Abstract:
A machine which utilizes hydraulic effects to disperse gas bubbles throughout a contained liquid includes a feed duct mounted to introduce raw liquid into the contained liquid. The feed duct comprises a first hollow tubular member into which a stream of processed liquid is pumped. A second hollow tubular member is affixed outside, and concentric with, the first tubular member so that space is formed around the open end of the first tubular member. Raw liquid is introduced into the space between the two members, and the processed liquid aspirates the raw liquid through the feed duct.

Description:
This application is a continuation in part of U.S. patent application Ser. No. 918,982 filed June 26, 1978, which is a continuation of application Ser. No. 695,881 filed June 14, 1976 and now abandoned. 
    
    
     BACKGROUND OF THE INVENTION 
     1. Field of the Invention 
     The present invention generally relates to improved apparatus for dispersing gas bubbles throughout a liquid body. 
     2. State of the Art 
     It is well known to distribute gas bubbles in a liquid body in order to accomplish, for example, a solid-liquid or liquid-liquid separation by flotation. Such flotation techniques are commonly used for separating and concentrating valuable minerals and chemicals, for removing particulates such as coal fines from liquid bodies and for separating various liquids. A typical flotation process in the mineral beneficiation art, for example, includes the steps of conditioning an aqueous pulp or slurry of crushed ore with a chemical flotation aid and then dispersing air bubbles within the pulp to produce a surface froth relatively rich in the desired mineral. In the field of oil production, similar flotation processes are frequently used to separate crude oil from water prior to the reinjection of the water into a well or prior to surface disposal of the water. 
     There are also a number of other processes wherein it is necessary to distribute gas bubbles within a liquid. Examples include processes for liquid carbonation and aeration, for biological solids flotation, for stripping gases from liquids, for the acceleration of fermentation, and for the mixing of gases and liquids. A general requirement for those processes, and for flotation processes as well, is that the gas bubbles in the liquid body be small and well distributed. 
     Various machines have been proposed to satisfy the aforementioned requirements, especially in the field of flotation. In one well known type of flotation machine, a rotatable impeller is provided to aspirate gas into a liquid body in a vessel and, at the same time, to agitate the liquid to distribute the gas. One such machine is shown in U.S. Pat. No. 3,491,880 to Reck, and another is shown in U.S. Pat. No. 2,651,413 to Daman. Another type of flotation machine utilizes one or more gas injection nozzles in combination with a baffle arrangement to distribute gas within a liquid body. Machines generally of that type are shown in U.S. Pat. Nos. 3,371,779 to Hollingsworth et al, and 3,446,353 to Davis. 
     Another type of flotation machine for mineral applications is the cascade machine; cascade machines, which were historically of a quite small cell volume, have been obsolete for many years. An example of a cascade machine is shown in U.S. Pat. No. 1,380,665 to Lyster. 

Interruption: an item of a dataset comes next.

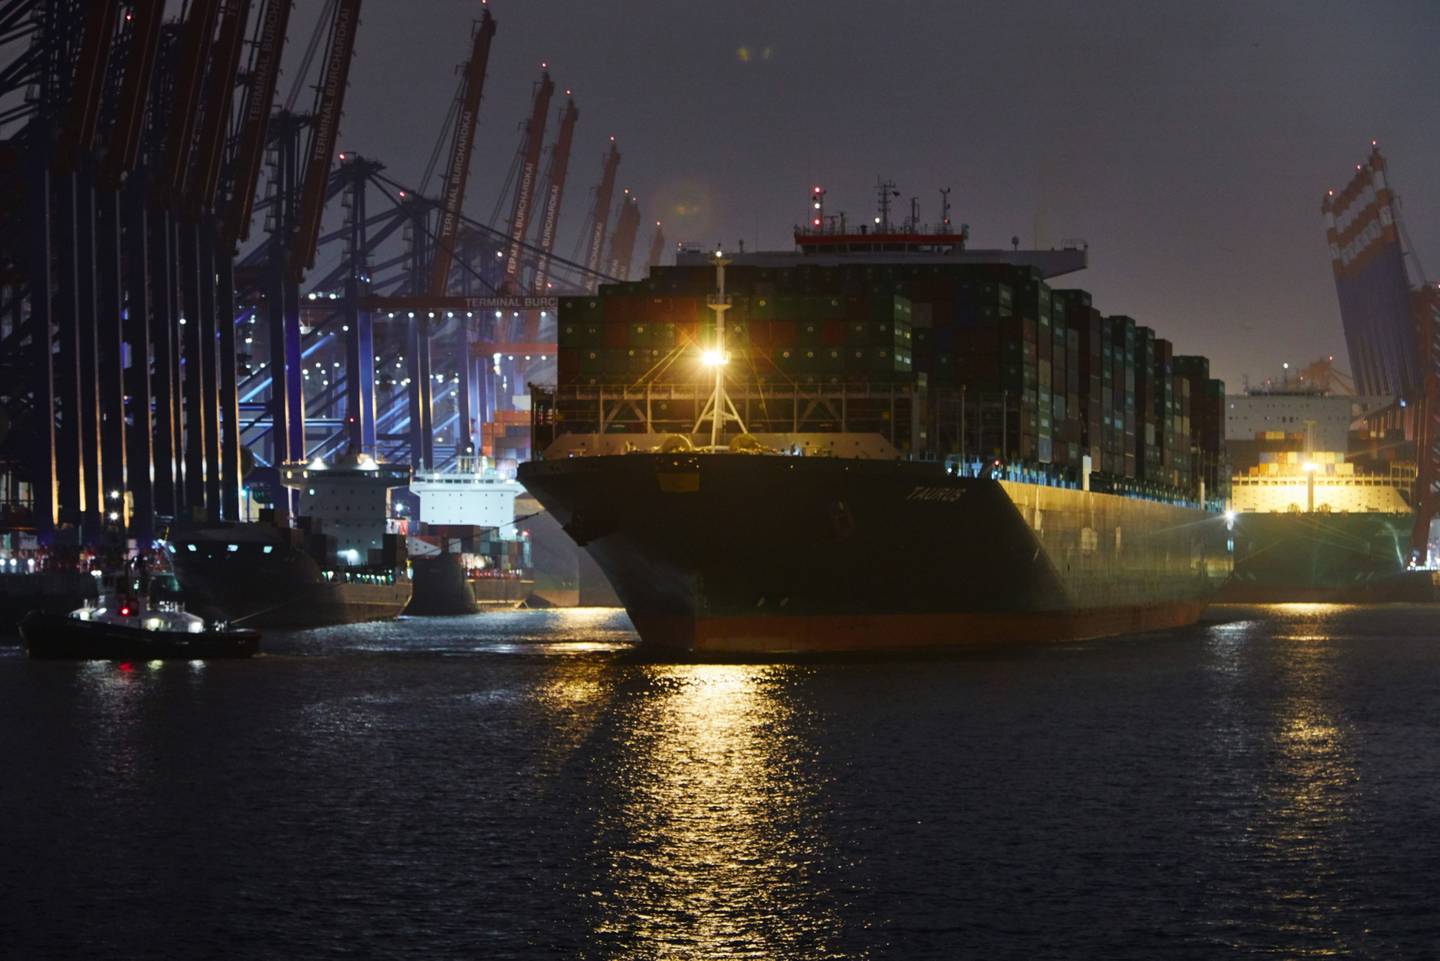 El buque portacontenedores Taurus, operado por Evergreen Marine Corp., con carga en el puerto de Hamburgo por la noche en Hamburgo, Alemania, el martes 10 de noviembre de 2020

     OBJECTS OF THE INVENTION 
     The general object of the present invention is to provide an improved machine for dispersing gas into a liquid body. 
     Another object of the present invention is to provide a flotation machine wherein the conventional feed box is eliminated and, instead, hydraulic aspiration is utilized to introduce feed material into the flotation machine. 
     Further objects and advantages of the present invention may be readily ascertained by reference to the following description and appended drawings, which are offered by way of illustration only and not in limitation of the invention, whose scope is defined by the appended claims and equivalents. 
    
    
     BRIEF DESCRIPTION OF THE DRAWINGS 
     In the drawings: 
     FIG. 1 is a schematic diagram of a flotation machine according to our invention; 
     FIG. 2 is a detail shown partly cut away, of one part of the machine shown in FIG. 1; 
     FIG. 3 is a sectional view of the machine of FIG. 1; 
     FIG. 4 is another detail, shown partly cut away, of a part of the machine of FIG. 1; and 
     FIG. 5 is another detail, shown partly cut away, of a part of the machine of FIG. 1. 
    
    
     DETAILED DESCRIPTION OF THE PREFERRED EMBODIMENT 
     The machine which will be described in the following is for dispersed gas flotation. As distinguished from dissolved gas flotation, dispersed gas flotation achieves physical separation of a contaminating substance from a body of primary liquid by effecting contact between the contaminating substance, which may be either solid particles or a second liquid, and gas bubbles without first dissolving the gas in the primary liquid. Having achieved contact, the contaminating materials attach to the gas bubbles and rise buoyantly to the surface of the primary liquid as a froth which can be subsequently removed, as by skimming. In dispersed gas flotation systems, it is important to achieve small gas bubbles (i.e., high surface-to-volume ratio), good mixing to assure high gas-particle contact probability, minimum short-circuiting of the primary liquid, and a highly concentrated contaminant level in the removal stream. 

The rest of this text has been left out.